If you want to kill a musical, make it into a movie. Cats, Phantom of the Opera, South Pacific… cinema history is littered with dud remakes of world-conquering theatrical sensations. But it’s almost worse when a film musical succeeds on its own terms, and – like a mask eating into the face – proceeds to write over the original show in the collective memory. I once saw a newspaper describe a West End revival of The Sound of Music as a ‘stage version of the classic movie’, which is a bit like describing Pride and Prejudice as a novelisation of the hit BBC drama.

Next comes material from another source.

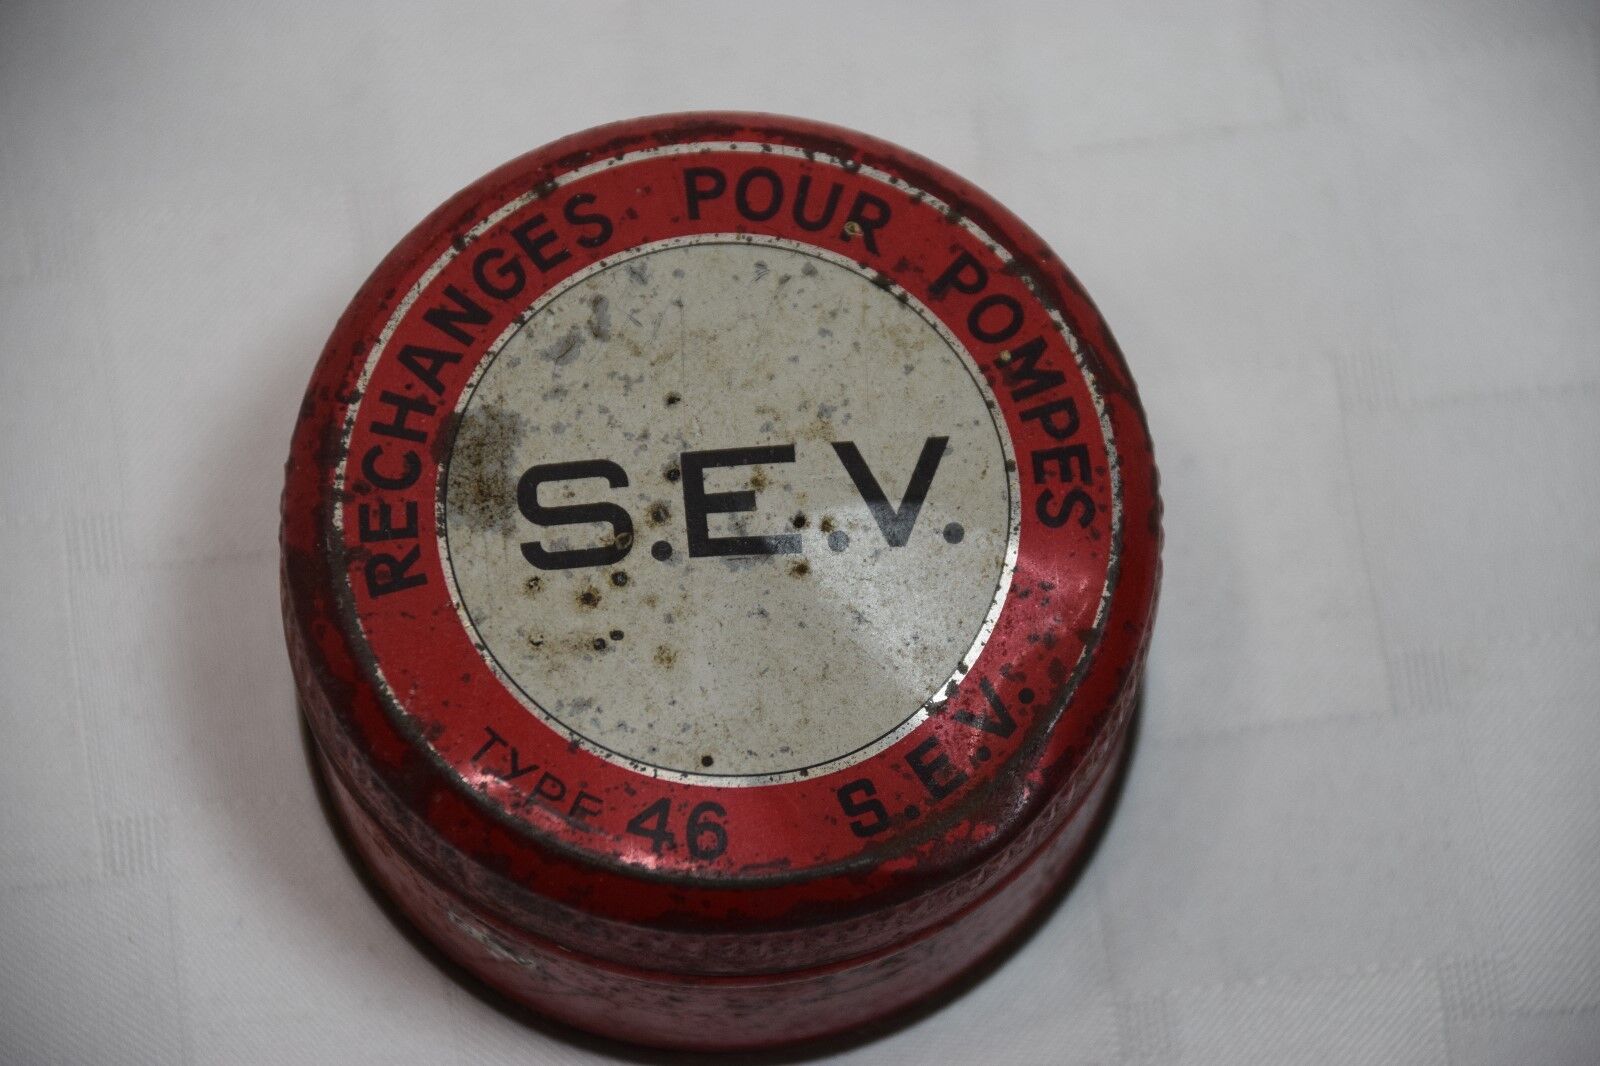 Vintage S.E.V. Type 46 Tin With Lid, Rechanges Pour Pompes

Her coloratura is like sunlight on water. It might be the most exciting thing you’ll hear all summer
The prime exhibit is Lerner and Loewe’s My Fair Lady, which for most of us now means the 1964 film – that gorgeous Technicolor pageant which jettisons the show’s original star, Julie Andrews, in favour of Audrey Hepburn, purely for the visuals. All very nice, but watching it today you do sometimes wonder how this stately three-decker spectacle smashed all records on Broadway and in the West End, and left Rodgers and Hammerstein slack-jawed with admiration.
Opera North’s production of My Fair Lady will give you the answer. You arrive expecting big hats and opulent set pieces. Instead you get a drama that zings off the stage: indelible songs, dialogue that sparks and crackles, and a cast who find meaning in every line. You probably know that George Bernard Shaw’s Pygmalion – the 1913 play upon which the show is based – gives My Fair Lady a headstart for intellectual bite. What you might not expect is to hear GBS’s acid one-liners getting laugh after laugh from an audience primed by the songs to take the whole thing in a spirit of open-hearted delight.